Active Visuo-Tactile Point Cloud Registration for Accurate Pose Estimation of Objects in an Unknown Workspace

TL;DR

This paper introduces an active visuo-tactile approach for precise 3D object pose estimation in unknown environments, combining efficient linear filtering with active exploration to improve robotic manipulation accuracy.

Contribution

It presents a novel active visuo-tactile methodology with a linear quaternion filter for real-time, accurate pose estimation of objects in unknown workspaces.

Findings

High accuracy in pose estimation demonstrated in simulation.

Real-time performance achieved with computationally efficient strategy.

Effective exploration and localization in unknown environments.

Abstract

This paper proposes a novel active visuo-tactile based methodology wherein the accurate estimation of the time-invariant SE(3) pose of objects is considered for autonomous robotic manipulators. The robot equipped with tactile sensors on the gripper is guided by a vision estimate to actively explore and localize the objects in the unknown workspace. The robot is capable of reasoning over multiple potential actions, and execute the action to maximize information gain to update the current belief of the object.

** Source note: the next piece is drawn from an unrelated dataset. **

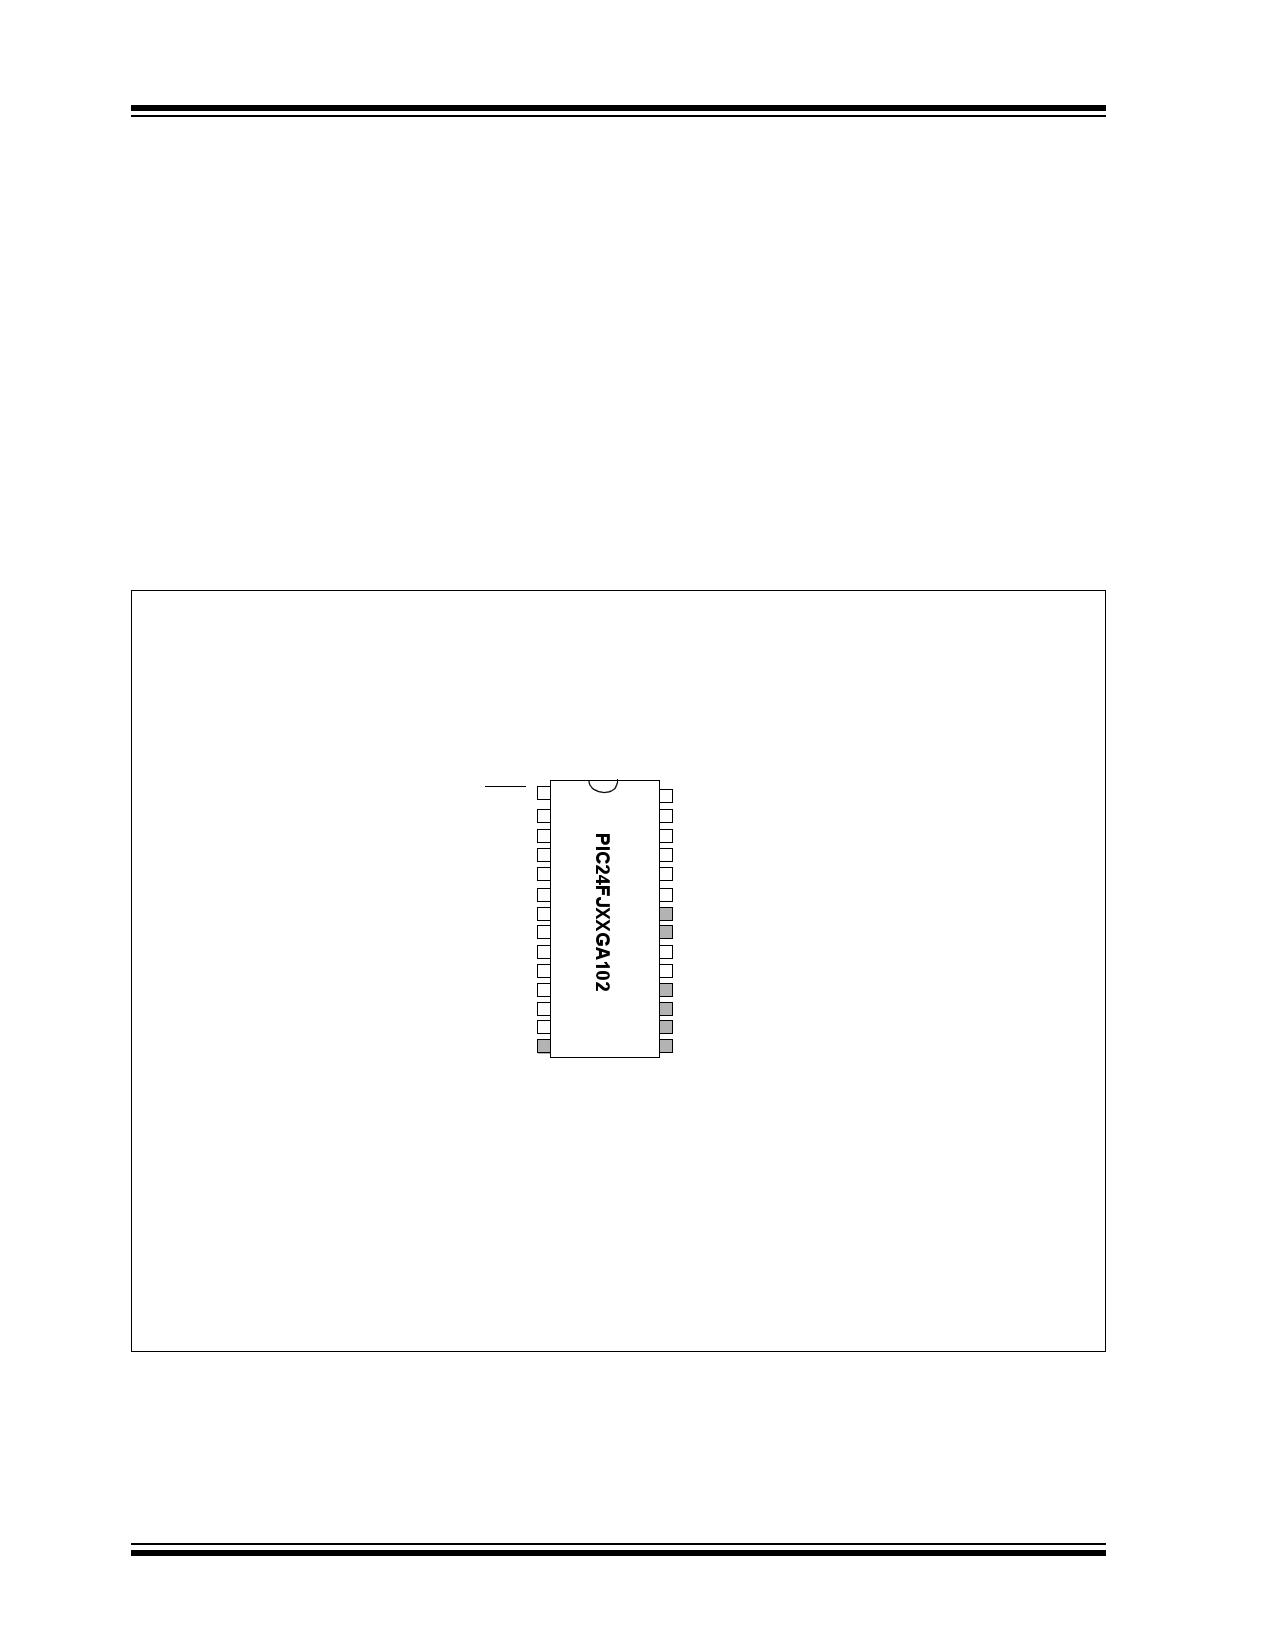 PIC24FJ32GA104 pdf, 반도체, 판매, 대치품
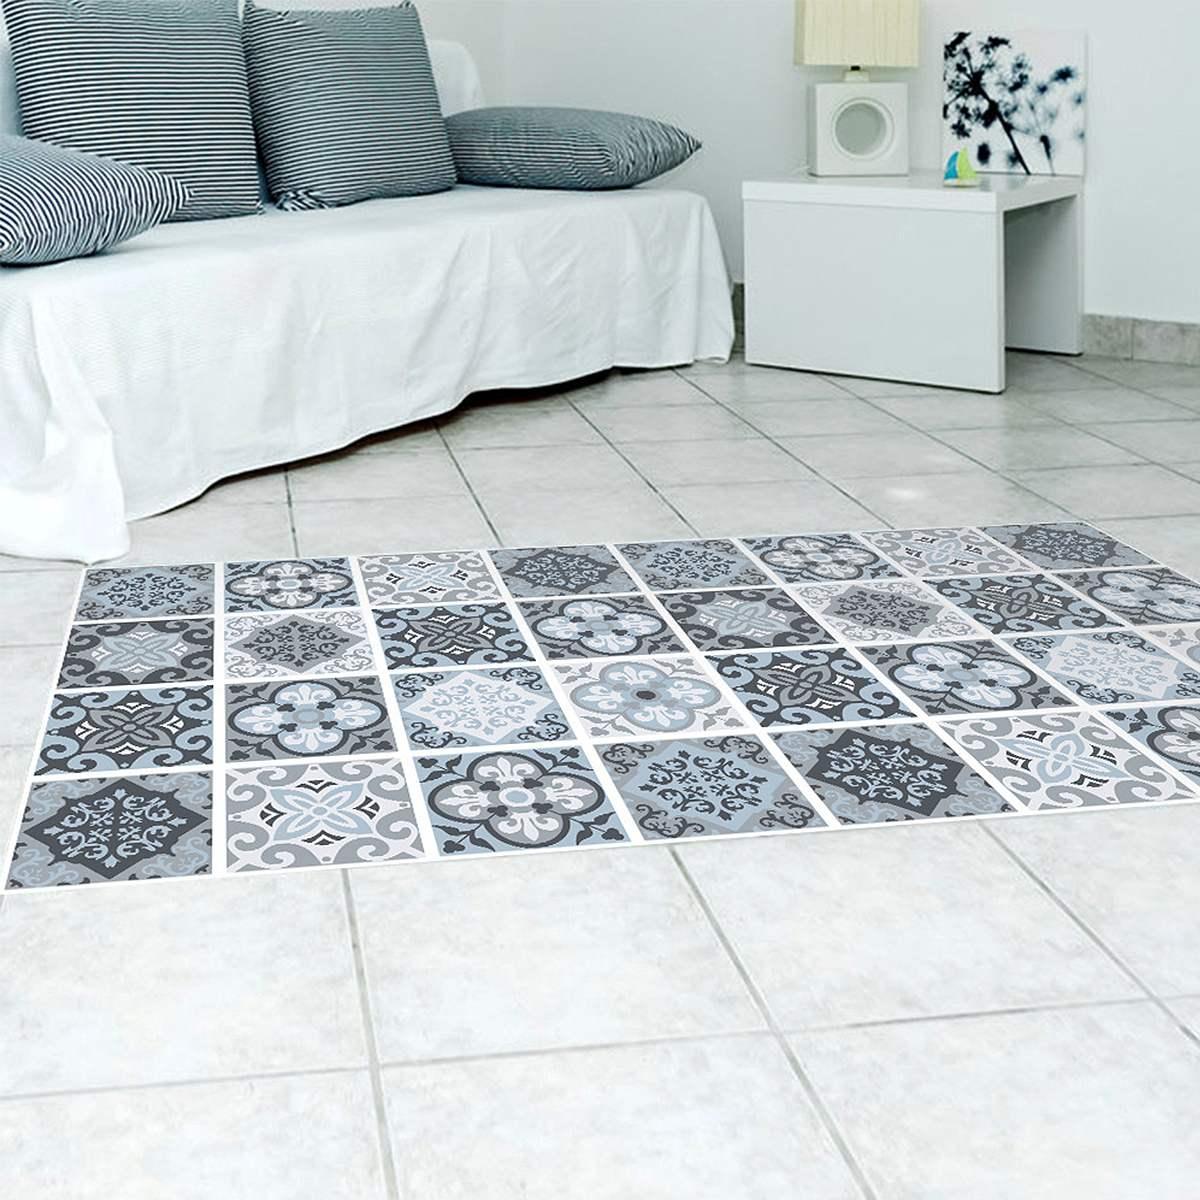 Fashion Home Decor PVC Floor Living Room Bathroom Mat Waterproof ...

We formulate the pose estimation process as a linear translation invariant quaternion filter (TIQF) by decoupling the estimation of translation and rotation and formulating the update and measurement model in linear form. We perform pose estimation sequentially on acquired measurements using very sparse point cloud as acquiring each measurement using tactile sensing is time consuming. Furthermore, our proposed method is computationally efficient to perform an exhaustive uncertainty-based active touch selection strategy in real-time without the need for trading information gain with execution time. We evaluated the performance of our approach extensively in simulation and by a robotic system.